_MATERIAL PROVIDED_:
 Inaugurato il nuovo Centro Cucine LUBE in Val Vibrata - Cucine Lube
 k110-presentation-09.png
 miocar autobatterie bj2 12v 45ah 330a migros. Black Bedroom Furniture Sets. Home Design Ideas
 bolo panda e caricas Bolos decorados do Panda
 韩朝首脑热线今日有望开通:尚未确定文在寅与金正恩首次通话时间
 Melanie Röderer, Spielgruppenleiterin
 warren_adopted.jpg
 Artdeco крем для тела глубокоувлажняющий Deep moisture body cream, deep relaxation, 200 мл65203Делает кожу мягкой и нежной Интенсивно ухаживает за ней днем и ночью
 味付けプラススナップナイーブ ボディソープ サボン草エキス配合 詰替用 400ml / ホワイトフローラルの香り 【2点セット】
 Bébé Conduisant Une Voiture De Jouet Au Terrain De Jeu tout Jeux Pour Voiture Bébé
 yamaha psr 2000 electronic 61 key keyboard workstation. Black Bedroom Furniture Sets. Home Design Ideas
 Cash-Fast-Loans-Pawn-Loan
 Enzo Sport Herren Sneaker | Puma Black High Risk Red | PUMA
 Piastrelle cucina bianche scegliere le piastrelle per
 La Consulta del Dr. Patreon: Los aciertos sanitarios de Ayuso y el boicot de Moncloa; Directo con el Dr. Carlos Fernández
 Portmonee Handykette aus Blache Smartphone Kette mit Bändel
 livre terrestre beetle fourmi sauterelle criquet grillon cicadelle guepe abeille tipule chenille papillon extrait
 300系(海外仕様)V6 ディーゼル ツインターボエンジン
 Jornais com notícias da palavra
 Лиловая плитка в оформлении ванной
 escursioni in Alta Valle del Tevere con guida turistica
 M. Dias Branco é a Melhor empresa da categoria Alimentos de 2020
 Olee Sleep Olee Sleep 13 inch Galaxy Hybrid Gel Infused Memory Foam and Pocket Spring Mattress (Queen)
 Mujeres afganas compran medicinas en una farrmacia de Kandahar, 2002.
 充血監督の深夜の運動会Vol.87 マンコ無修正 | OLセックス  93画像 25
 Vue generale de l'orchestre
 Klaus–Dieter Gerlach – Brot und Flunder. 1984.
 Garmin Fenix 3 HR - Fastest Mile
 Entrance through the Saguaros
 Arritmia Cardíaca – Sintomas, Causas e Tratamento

_WHAT YOU NEED TO DO_:
Pull out each line of the listing that holds the string "Bedroom".

_WRITTEN RESPONSE_:
 miocar autobatterie bj2 12v 45ah 330a migros. Black Bedroom Furniture Sets. Home Design Ideas
 yamaha psr 2000 electronic 61 key keyboard workstation. Black Bedroom Furniture Sets. Home Design Ideas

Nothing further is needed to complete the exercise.